Nine shares fell 5.7% to $1.74, Seven West Media shares lost 8.3% to 44 cents, after it reached a five-month high of 47.8 cents on Monday and shares in Southern Cross Media (which warned of an 8.5% slide in first-quarter revenue in both TV and radio) lost 3.2% to 90.5 cents.
Nine CEO Hugh Marks told the company’s AGM in Sydney yesterday that signs of improvement in the advertising market had dried up in the last few weeks and admitted the brand boycott against 2GB presenter Alan Jones had cut earnings at its most recent acquisition, Macquarie Media.
The big problems are at the Nine Network and Macquarie Media, the recent acquisition.
“Specifically – for the first quarter, while Nine’s Metro Free To Air business achieved a leading revenue share of 39.8%, the market was down by 6.4% on last year…pretty much in line with the overall ad market. Early signs of improvement in Q2, given a broadly flat September, have unfortunately dissipated in recent weeks,” he said.
“The FTA market in the second quarter looks like being down by at least as much as Q1 – we now expect the market to decline by mid-single digits across the full financial year.
“We remain confident about share gain through the second half on the back of our audience performance earlier this calendar year, and will be working hard to soften the impact of the weak start to the year. FTA costs are now expected to be 2.5% higher as opposed to the 4% we guided to earlier in the year.

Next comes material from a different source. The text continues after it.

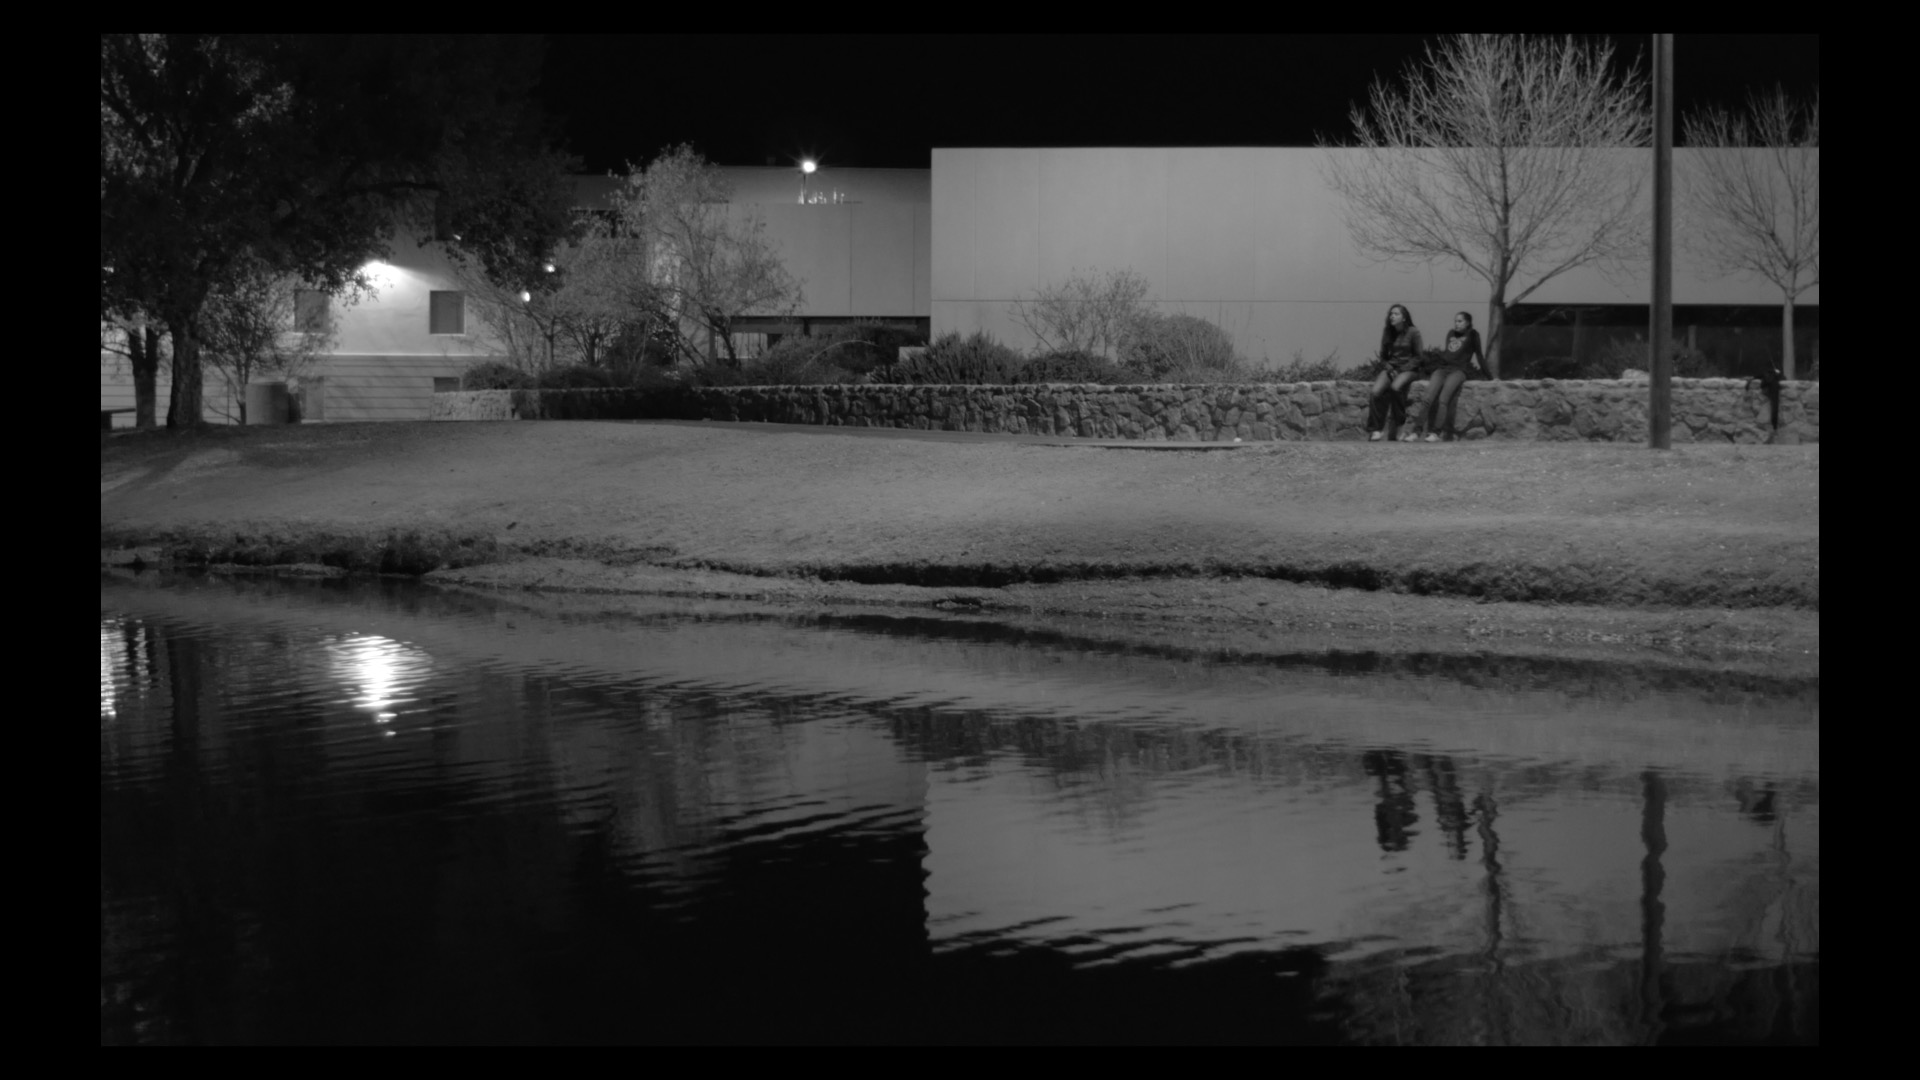 screen grab of film, two people siting in the dark

There was always going to be a shift in earnings contribution in this financial year due to timing issues, particularly the one-off costs in the TV business – however, the current advertising market conditions will mean that our first half result is now expected to be approx. 10% down on the first half of 2018-19.

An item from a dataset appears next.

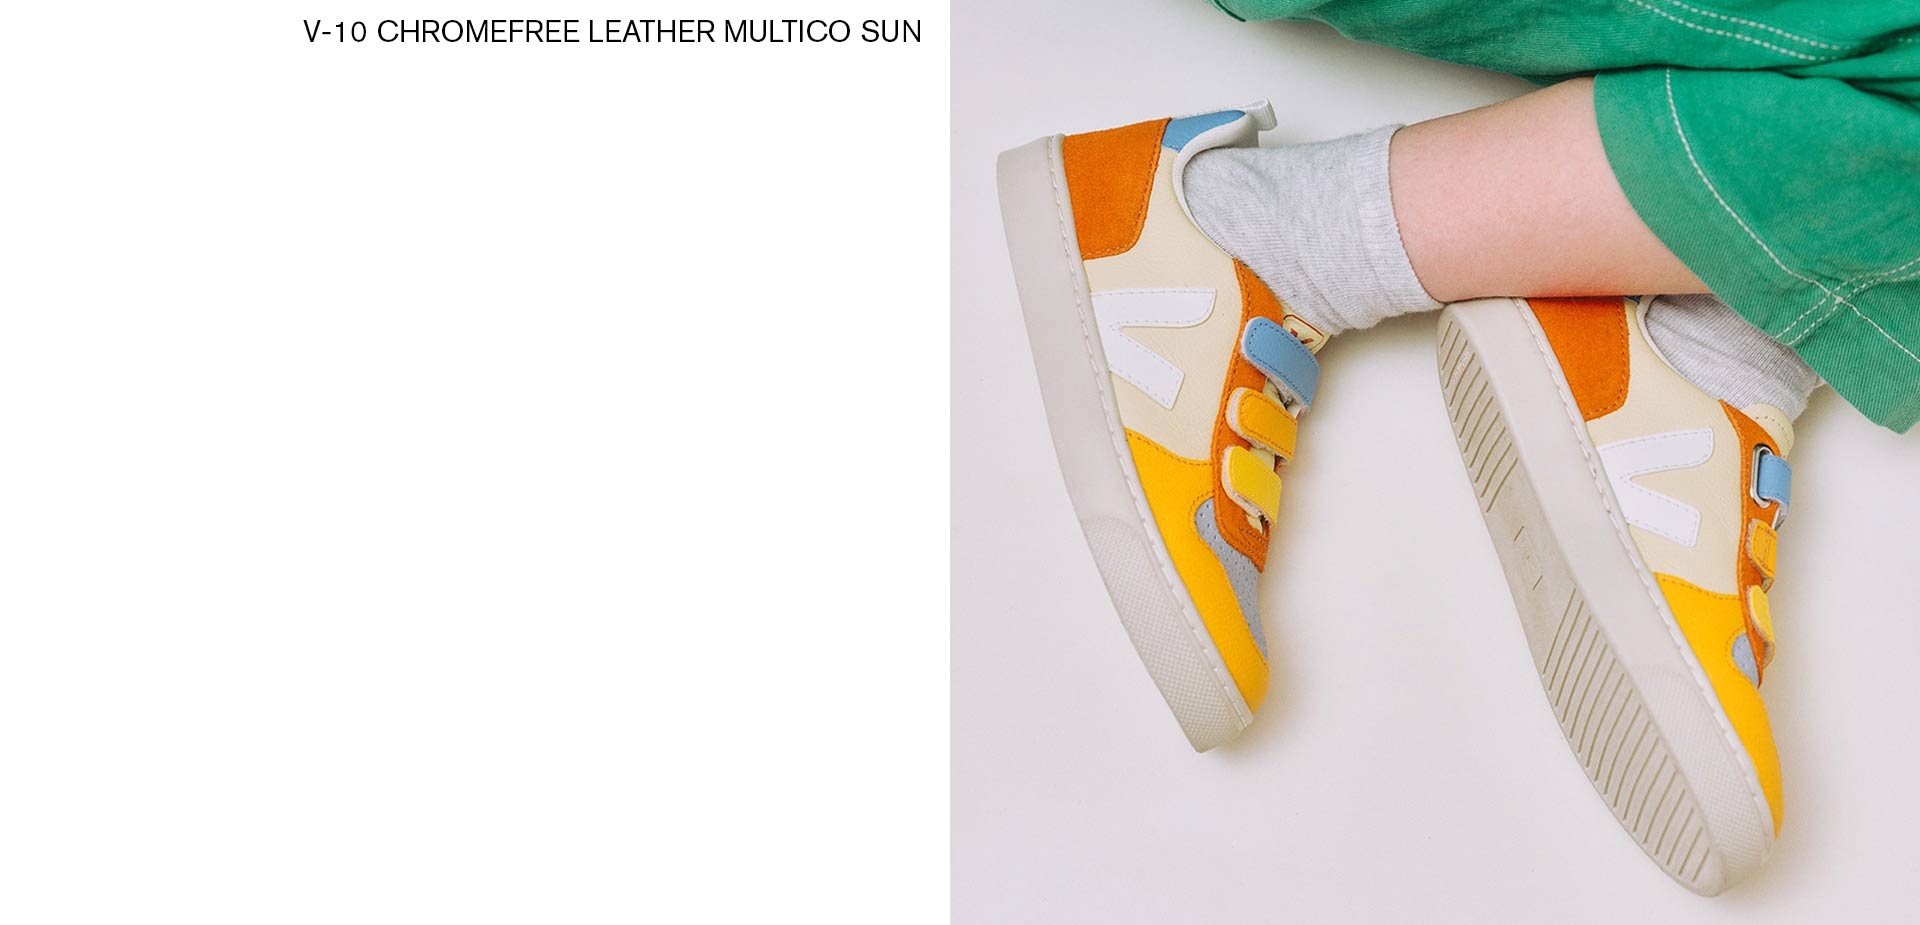 V-10 chromefree leather multico sun sneakers

Nine said that it expects to make up the shortfall in the second half from better performances from non-broadcast businesses, such as the 59% Domain, streaming video, print, and websites.
As a result of Nine now expects to report “low single-digit growth” in group earnings before, interest, tax, depreciation and amortisation (EBITDA) this financial year. Previously in August at its full-year results, Nine said it expected to report EBITDA growth of around 10%.
Mr. Marks blamed (as did News Corp CEO, Robert Thomson last Friday in a first-quarter results briefing) that the prevailing weakness in consumer sentiment in Australia has manifested itself in weak trading conditions for many consumer-facing businesses, and general softness in the overall advertising market.
“Advertising from pretty much every major advertising category was weak in the September quarter particularly from auto, Government, domestic banks and gambling,” Mr. Marks said.